Spectre and Meltdown are pretty catastrophic vulnerabilities, but they only affect the confidentiality of data. Now that they – and the research into the Intel ME vulnerability – have shown researchers where to look, more is coming – and what they’ll find will be worse than either Spectre or Meltdown.

There will be vulnerabilities that will allow attackers to manipulate or delete data across processes, potentially fatal in the computers controlling our cars or implanted medical devices. These will be similarly impossible to fix, and the only strategy will be to throw our devices away and buy new ones.

This isn’t to say you should immediately turn your computers and phones off and not use them for a few years. For the average user, this is just another attack method among many. All the normal security advice still applies: watch for phishing attacks, don’t click on strange e-mail attachments, don’t visit sketchy websites, patch your systems immediately, and generally be careful on the Internet.

You probably won’t notice that performance hit once Meltdown is patched, except maybe in backup programs and networking applications. Embedded systems that do only one task, like your programmable thermostat or the computer in your refrigerator, are unaffected.
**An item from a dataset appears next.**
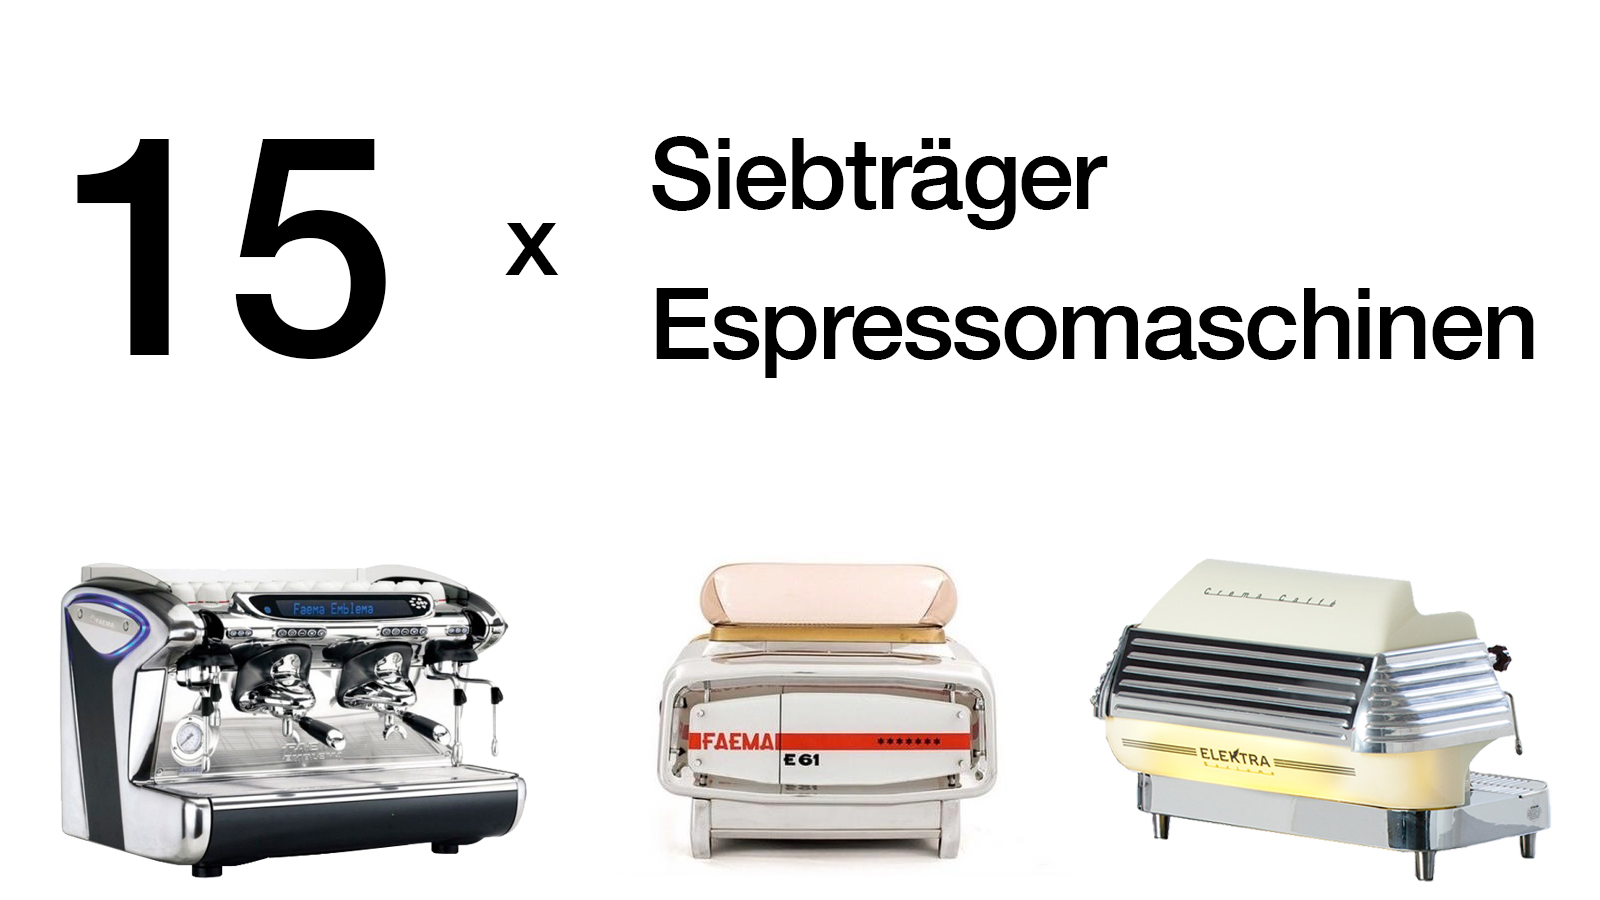 Drei Siebträger Espressomaschinen mobile Kaffeebar mit Beschriftung 15x Siebträger Espressomaschinen

Small microprocessors that don’t do all of these fancy performance tricks are unaffected. Browsers will figure out how to mitigate this in software. Overall, the security of the average Internet-of-Things device is so bad that this attack is in the noise compared to the previously known risks.

It’s a much bigger problem for cloud vendors; the performance hit will be expensive, but I expect that they’ll figure out some clever way of detecting and blocking the attacks.

But more are coming, and they’ll be worse. 2018 will be the year of microprocessor vulnerabilities, and it’s going to be a wild ride.